If you want just traversing, here it is:
1) there is only S in the queue
2) we are adding C and A in the queue, only they are reachable from S directly (with one edge)
3) D, G2 - from C
4) B, E - from A
5) G1 - from D (G2 is already in the queue)
6) there no outgoing edge from G2
7) there's no adjacent nodes of B which aren't already in the queue
So here's the order how nodes where added in the queue: S, C, A, D, G2, B, E, G1

I don't know how helpful you will find this, but here's a complete solution coded in the functional language J (available for free from jsoftware.com).

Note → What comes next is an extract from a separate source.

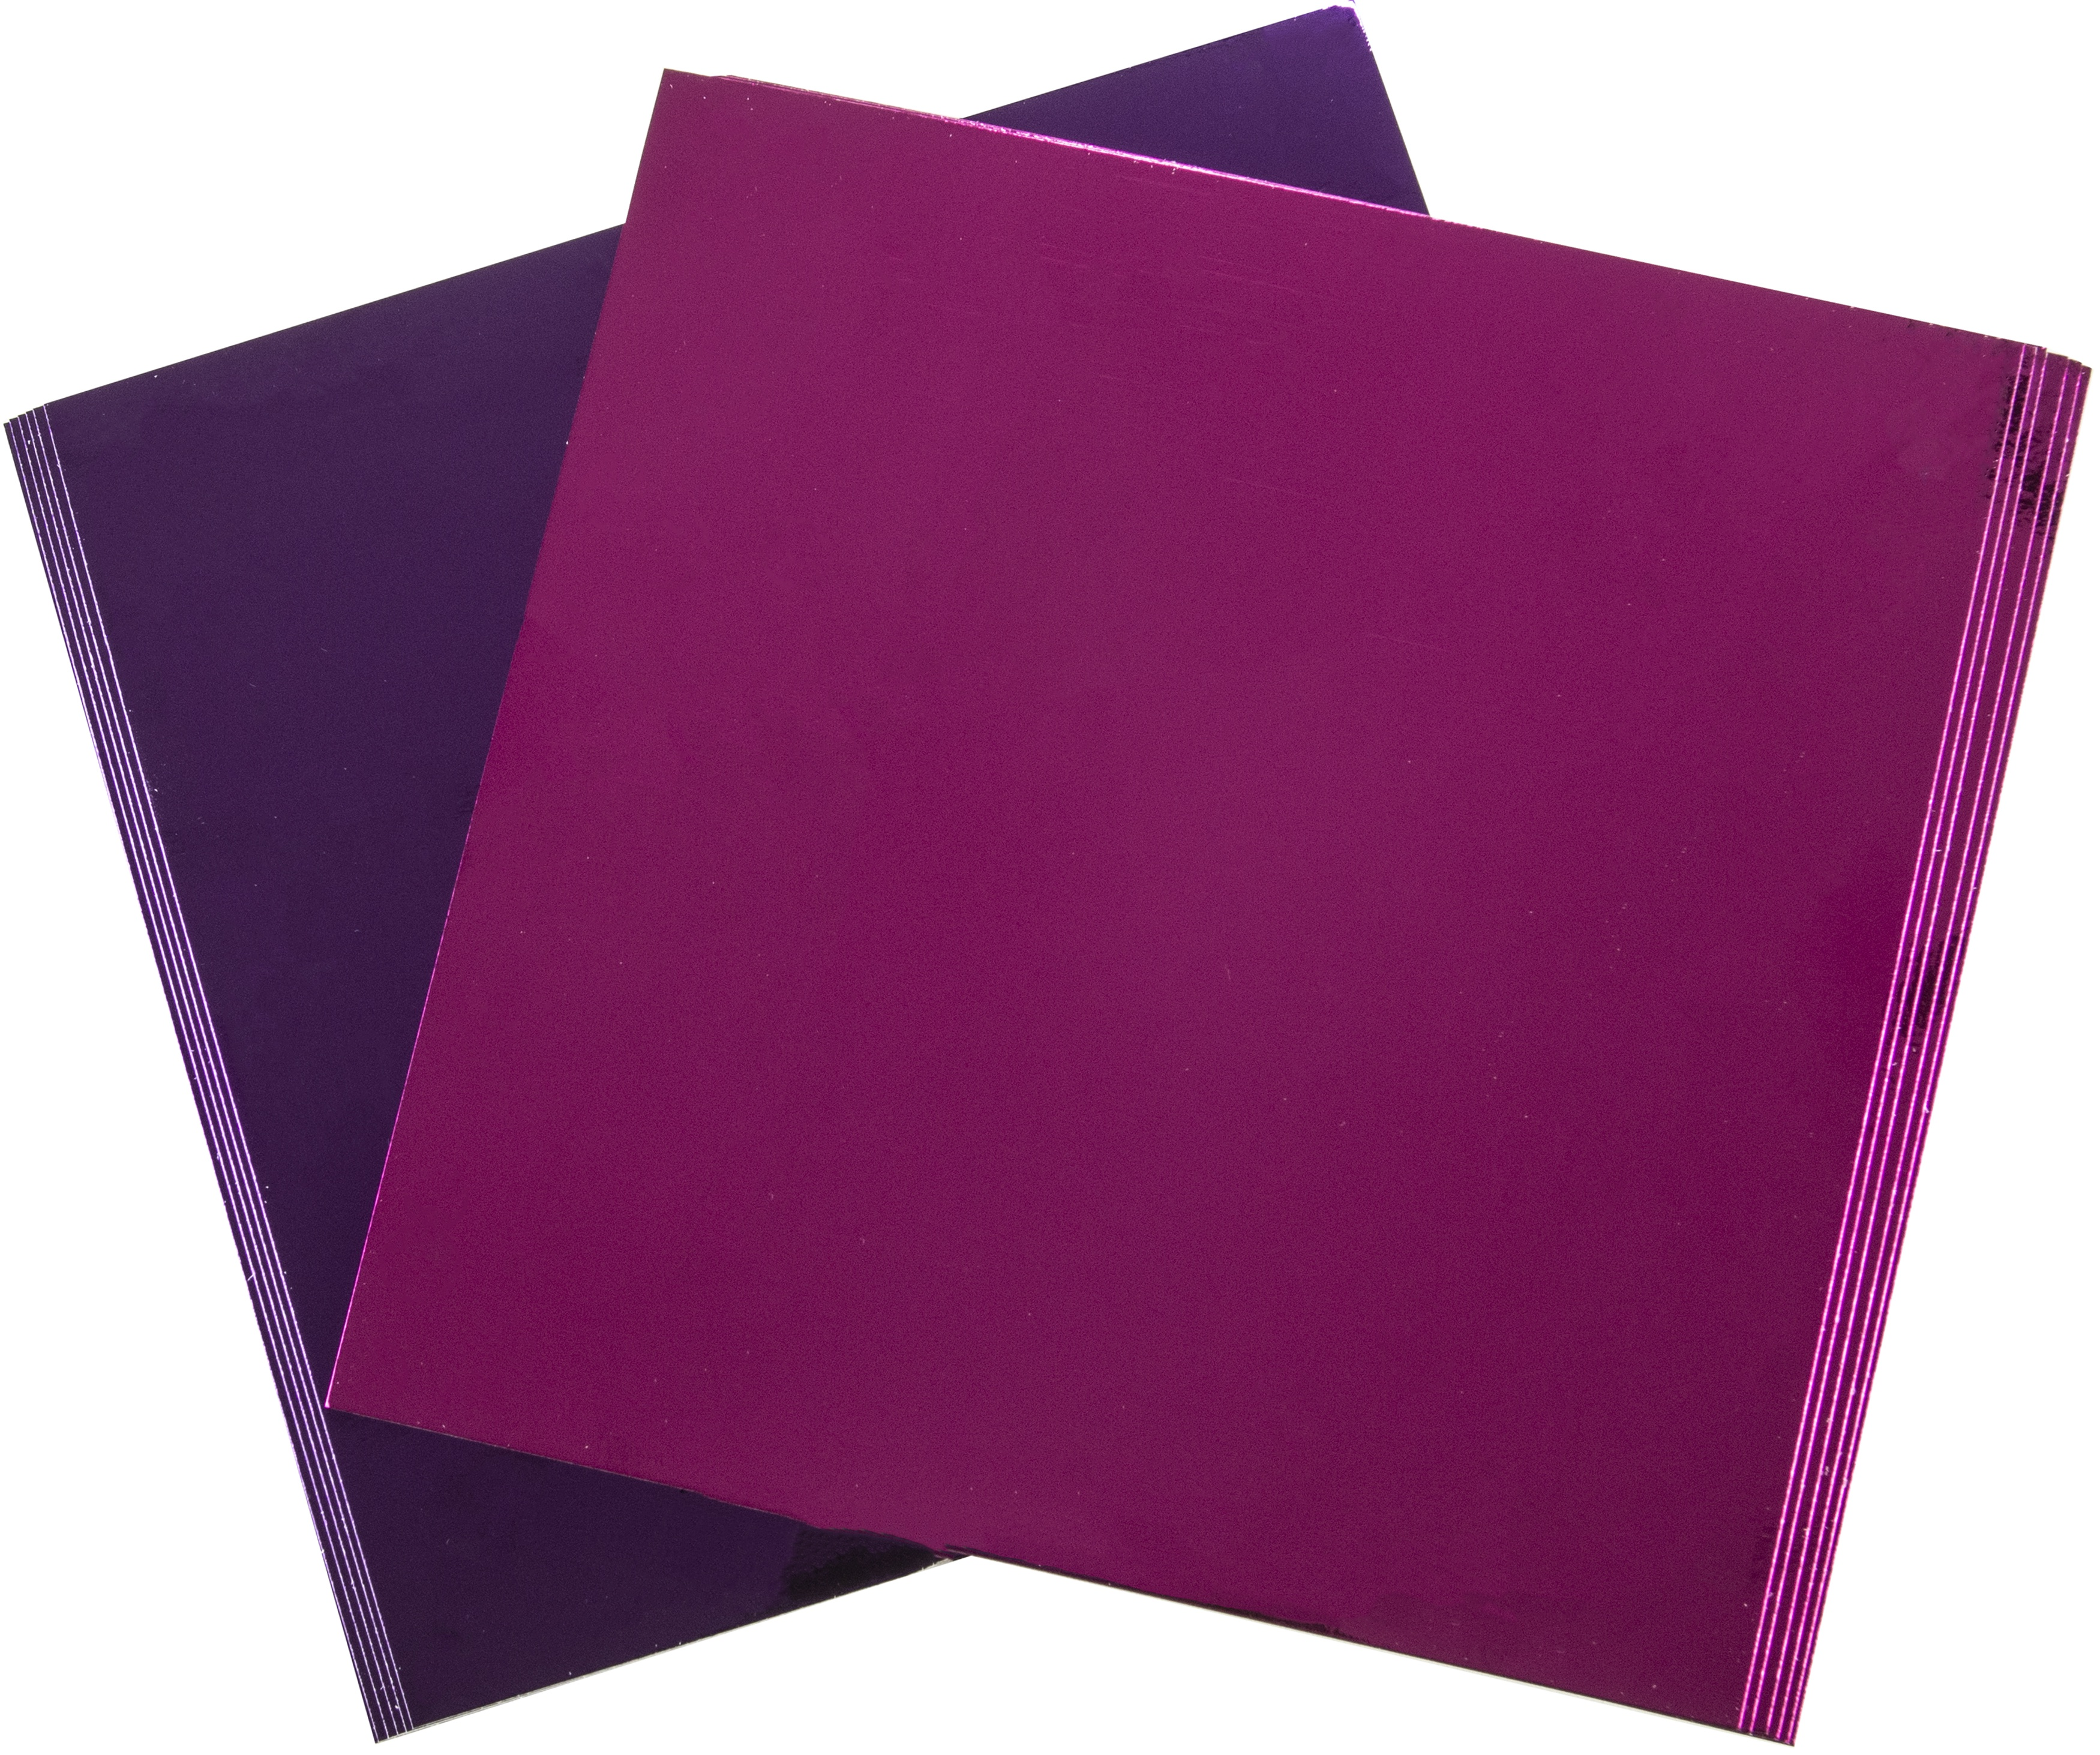 Concord & 9th Foil Paper Pack 6X6 12 Sheets-Flirty Foil

First, it's probably simplest to work directly from a representation of the graph you show in your picture. I represent this as a (# nodes) x (# nodes) table with a number at (i,j) for the value of the link between node-i and node-j. Also, along the diagonal I've put the number associated with each node itself.
So, I enter this as follows - don't worry too much about the unfamiliar notation, you'll soon see what the result looks like:
grph=: <;.1&>TAB,&.><;._2 ] 0 : 0
A B C D E G1 G2 S
A 2 1 8 2
B 1 1 1 4 2
C 3 1 5
D 1 5 2
E 6 9 7
G1 0
G2 0
S 2 3 5
)
So, I've assigned the variable "grph" as a 9x9 table where the first row and first column are the labels "A"-"E", "G1", "G2", and "S"; I've used tabs to delimit items so this could be cut-and-pasted to or from a spreadsheet as needed.
Now, I'll check the size of my table and display it:
$grph
9 9
grph
+---+--+--+--+--+--+---+---+--+
| | A| B| C| D| E| G1| G2| S|
+---+--+--+--+--+--+---+---+--+
| A | 2| 1| | | 8| | | 2|
+---+--+--+--+--+--+---+---+--+
| B | | 1| 1| 1| | 4 | | 2|
+---+--+--+--+--+--+---+---+--+
| C | | 3| 1| | | | 5 | |
+---+--+--+--+--+--+---+---+--+
| D | | | | 1| | 5 | 2 | |
+---+--+--+--+--+--+---+---+--+
| E | | | | | 6| 9 | 7 | |
+---+--+--+--+--+--+---+---+--+
| G1| | | | | | 0 | | |
+---+--+--+--+--+--+---+---+--+
| G2| | | | | | | 0 | |
+---+--+--+--+--+--+---+---+--+
| S | 2| | 3| | | | | 5|
+---+--+--+--+--+--+---+---+--+
It looks OK and it's easy to compare this to the picture of the graph to check it.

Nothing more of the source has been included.